- Born: November 1888 Cambridge, England
- Died: March 6, 1936 (aged 47) London, England
- Occupation: Poet
- Spouse(s): Elisha Arakie Cohen (m. 1908–1919) Frank Lang Collie (m. 1924–1936)
- Children: 1
- Writing career
- Pen name: Sheila Rand; Wilhelmina Stitch
- Period: 20th century
- Genre: Poetry

= Ruth Collie =

Ruth Collie, née Ruth Jacobs, (November 1888 – March 6, 1936) was an English-born poet who started her writing career in Winnipeg, Manitoba. She was also known under her pen names Wilhelmina Stitch and Sheila Rand.

==Biography==
Ruth Jacobs was born in Cambridge, England. She was the oldest of three children born to her parents who worked as a bookseller and an accountant. Her grandfather was Marcus Hast, a Hebrew composer who spent 40 years as rabbi at the Great Synagogue of London. In 1908, her soon-to-be husband Elisha Arakie Cohen, travelled to England where he met and married Jacobs. They returned to Winnipeg, Manitoba where her husband worked as a lawyer for the firm Daly, Crichton and McClure. In 1910, a son named Ralph was born.

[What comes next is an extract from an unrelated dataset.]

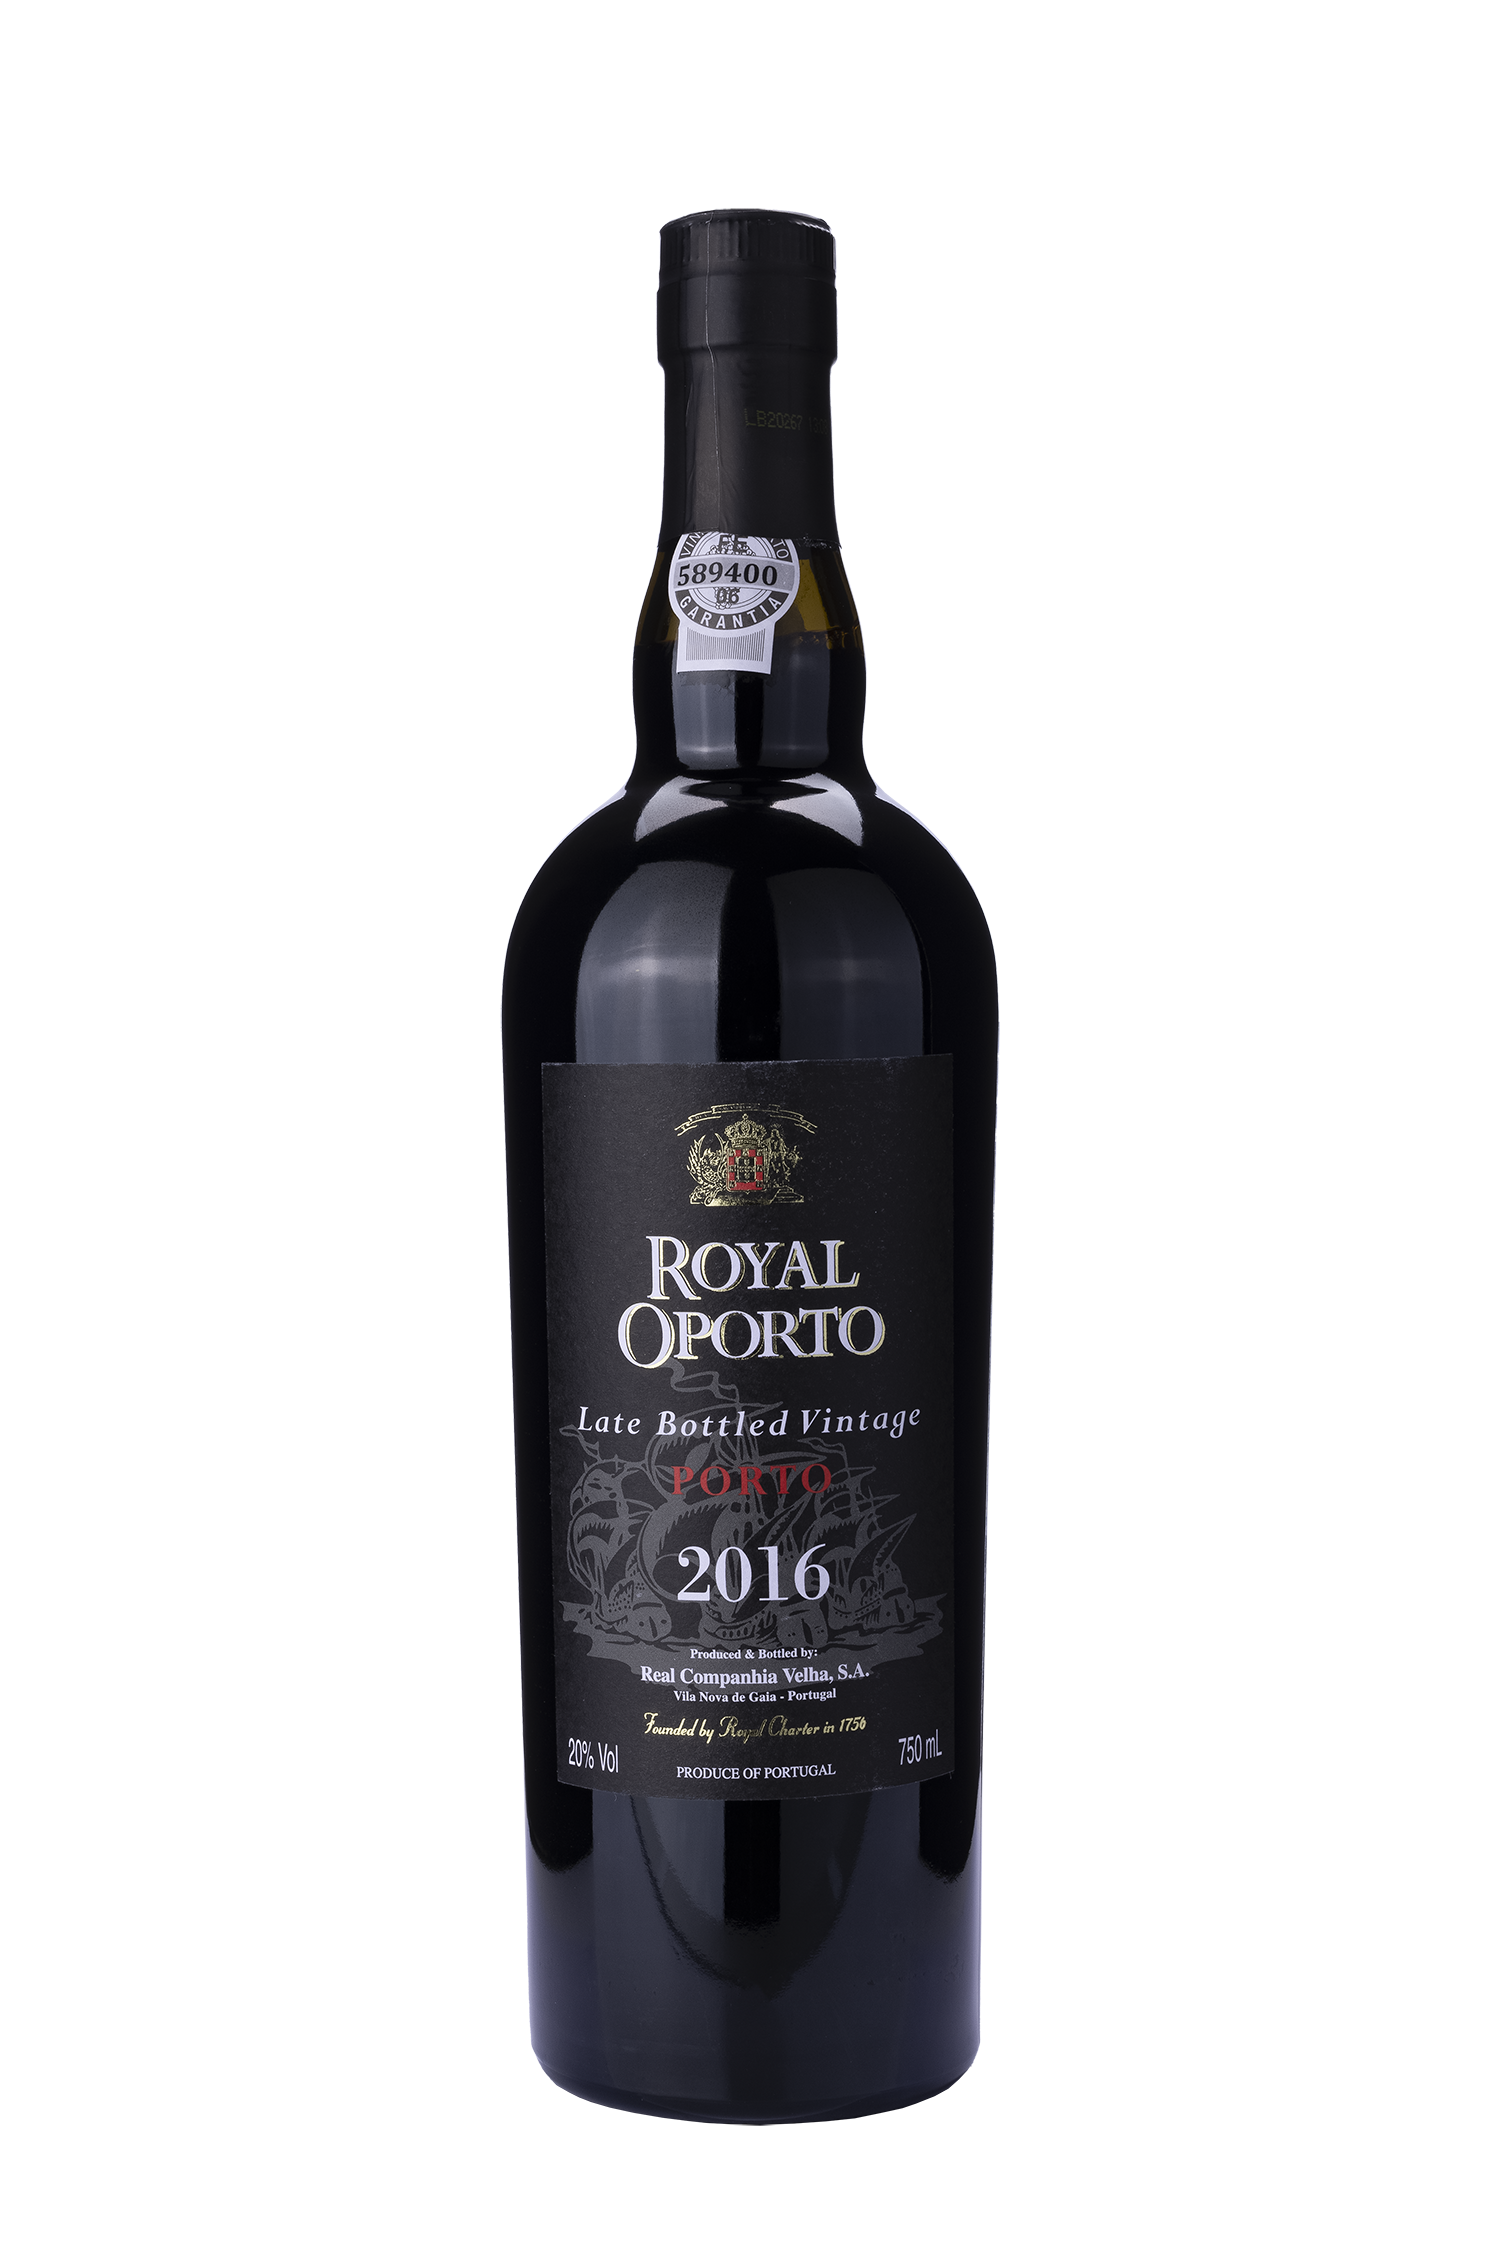 Royal Oporto Late Bottled Vintage Porto 2016 - Real Companhia Velha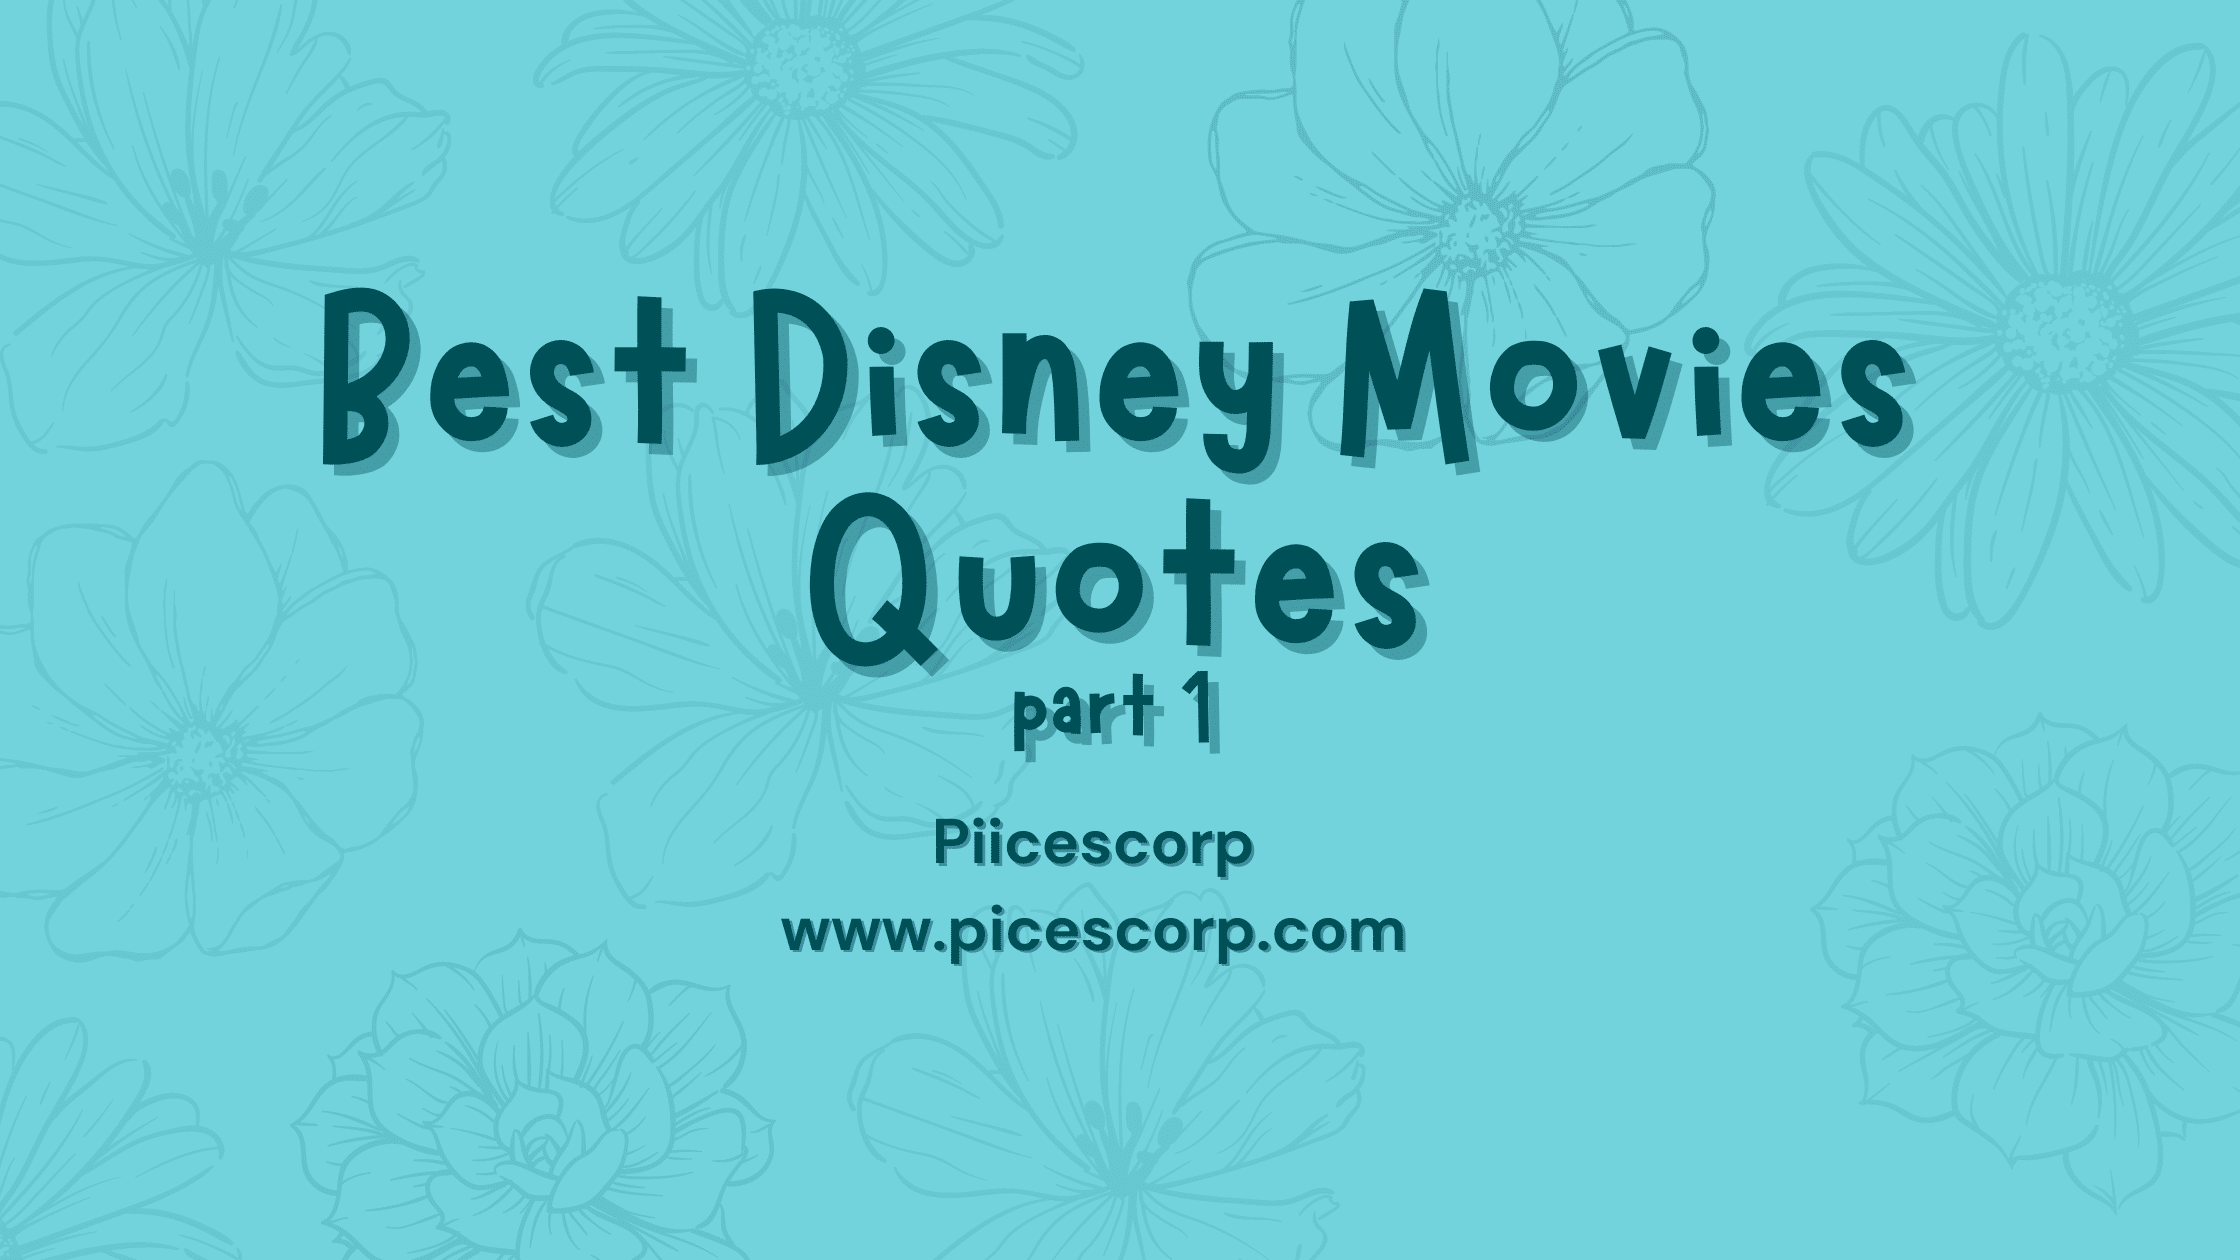 Best The Disney movies Quotes

In 1913, she began writing book reviews for the Winnipeg Telegram under the pen name Sheila Rand. In 1917, she was hired as an editor and regularly published poems and short stories. In January 1919, the Telegram was in financial trouble and she was recruited by the Winnipeg Tribune where she started to write a column called "What to Read... and What Not." The column included book reviews and poems written by herself. After her husband died in March 1919, she began working at Eaton's, writing advertising copy for their catalogues. She continued to write for the Tribune and also became literary editor of Western Home Monthly. She was also elected vice-president of the Canadian Authors' Association which led to regular speaking engagements. In 1922, she signed a deal to publish her poetry in several North American newspapers. She began to write under a new pen name, Wilhelmina Stitch.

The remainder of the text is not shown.